IEEE Trans Cybern. 2022 Jun;52(6):4520-4533. doi: 10.1109/TCYB.2020.3029423. Epub 2022 Jun 16.
Visual question answering (VQA) has gained increasing attention in both natural language processing and computer vision. The attention mechanism plays a crucial role in relating the question to meaningful image regions for answer inference.

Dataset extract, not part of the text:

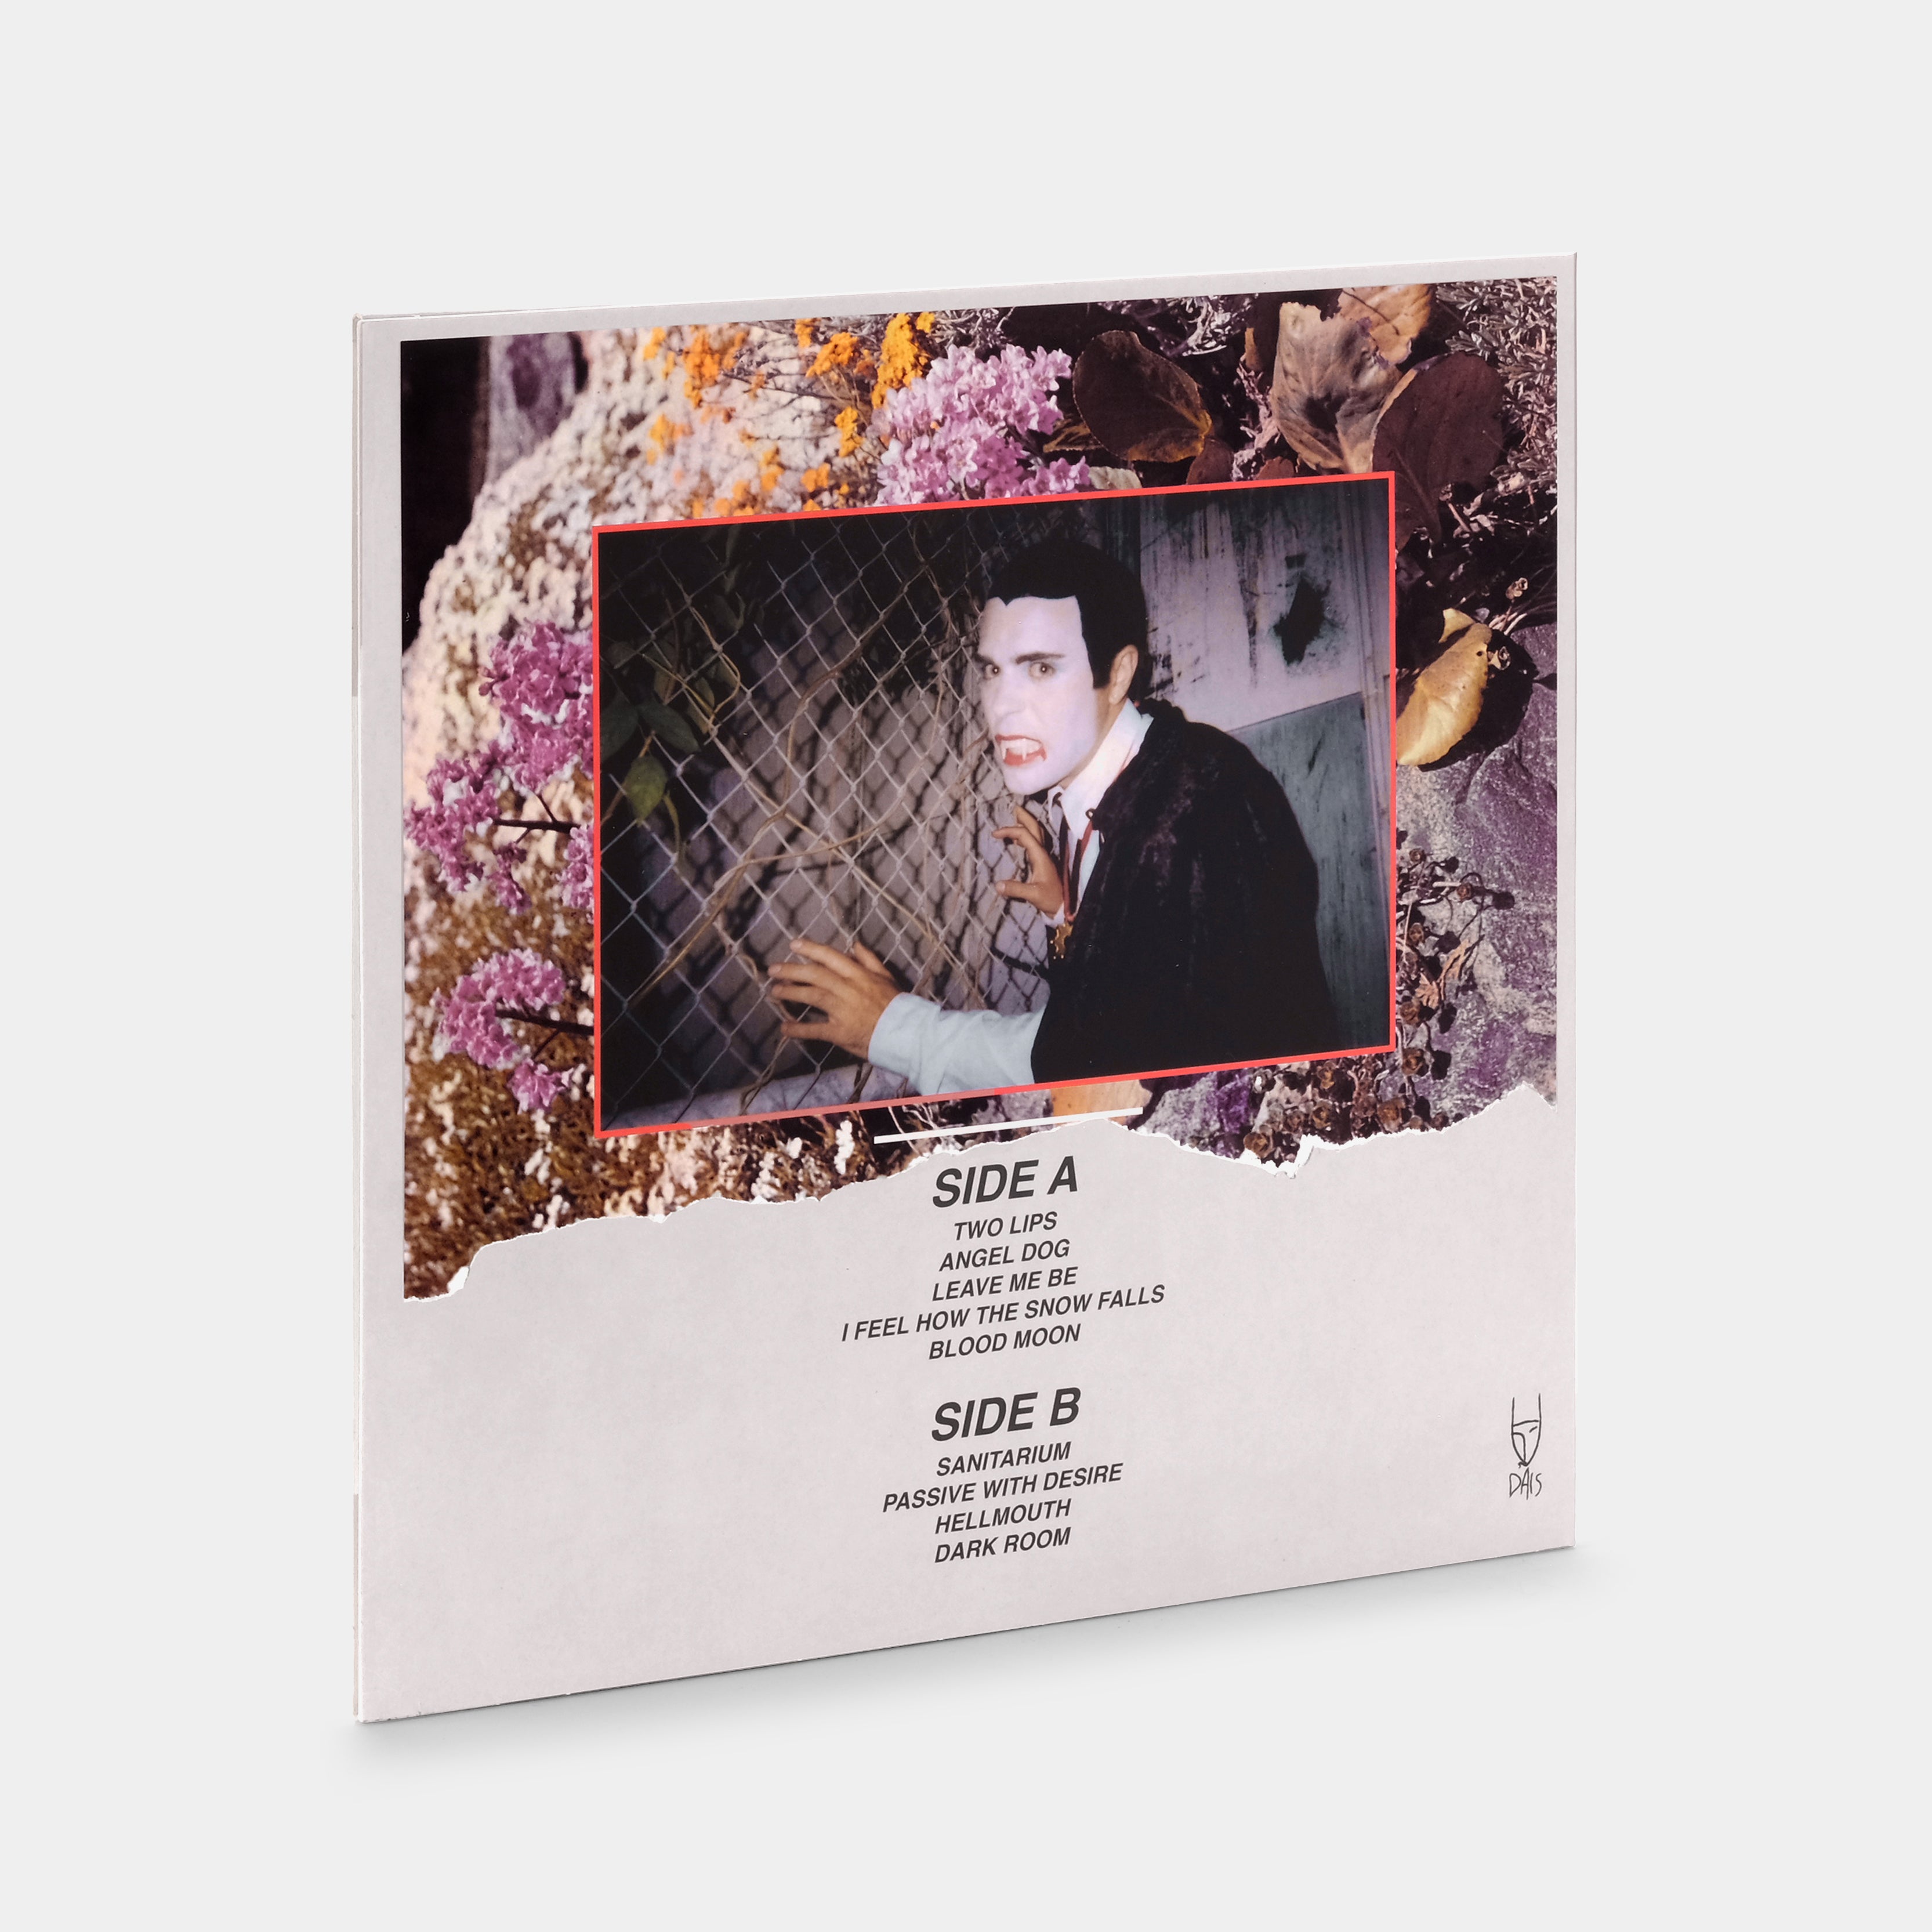 Choir Boy - Passive With Desire Limited Edition LP Transparent Clear Vinyl Record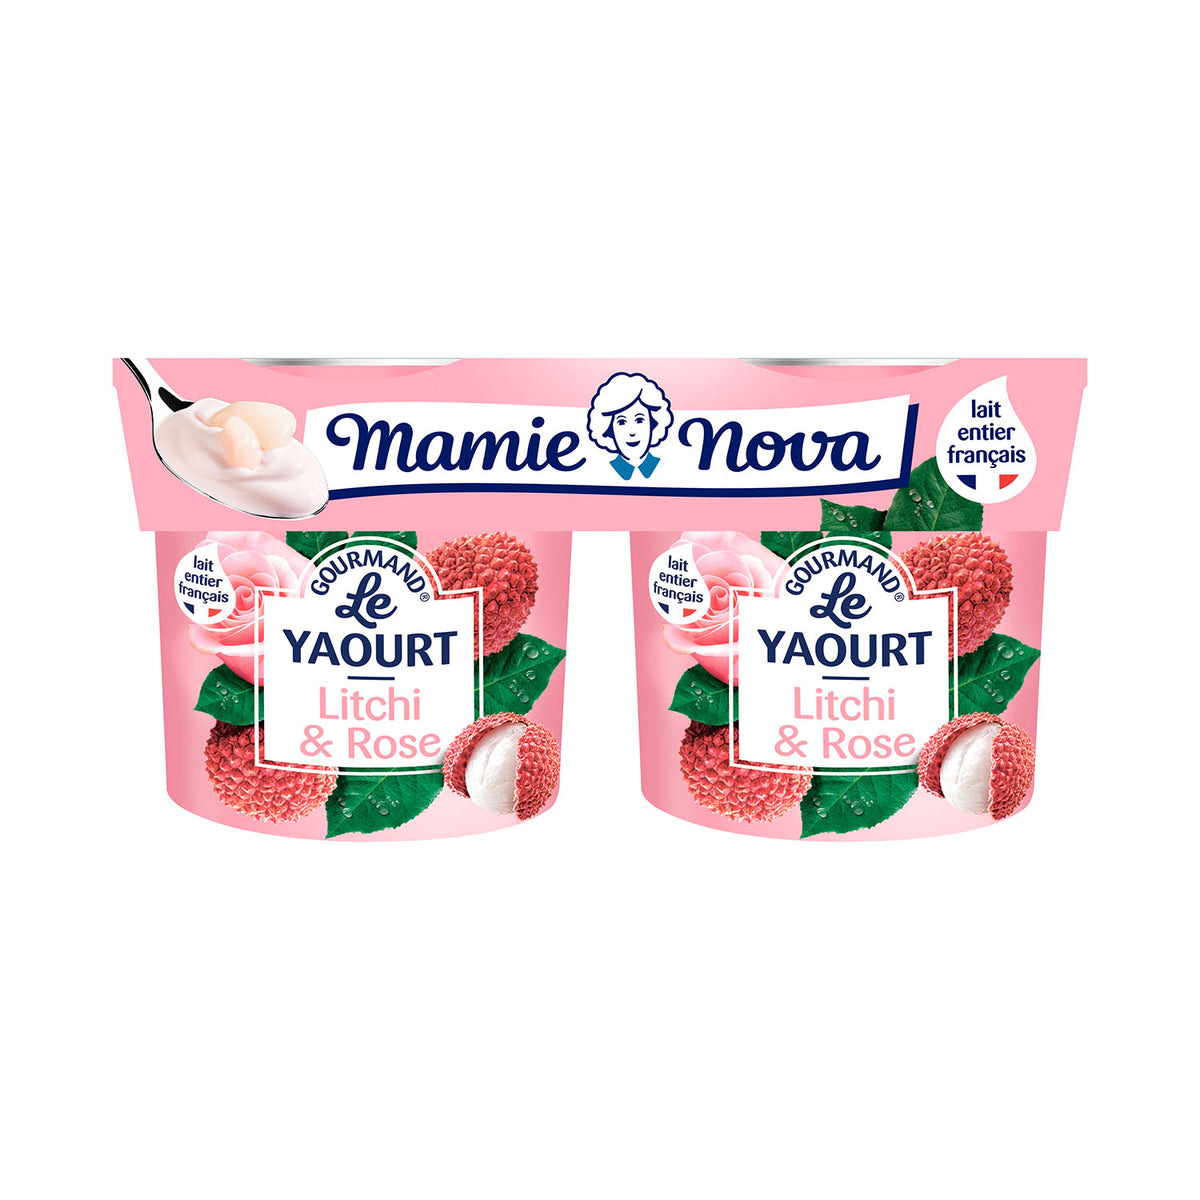 MAMIE NOVA Yoghurt with Red Fruits Pieces Editorial Stock Image - Image of  nova, desserts: 240716354

However, most existing VQA methods: 1) learn the attention distribution either from free-form regions or detection boxes in the image, which is intractable in answering questions about the foreground object and background form, respectively and 2) neglect the prior knowledge of human attention and learn the attention distribution with an unguided strategy. To fully exploit the advantages of attention, the learned attention distribution should focus more on the question-related image regions, such as human attention for both the questions, about the foreground object and background form. To achieve this, this article proposes a novel VQA model, called adversarial learning of supervised attentions (ALSAs). Specifically, two supervised attention modules: 1) free form-based and 2) detection-based, are designed to exploit the prior knowledge for attention distribution learning. To effectively learn the correlations between the question and image from different views, that is, free-form regions and detection boxes, an adversarial learning mechanism is implemented as an interplay between two supervised attention modules. The adversarial learning reinforces the two attention modules mutually to make the learned multiview features more effective for answer inference. The experiments performed on three commonly used VQA datasets confirm the favorable performance of ALSA.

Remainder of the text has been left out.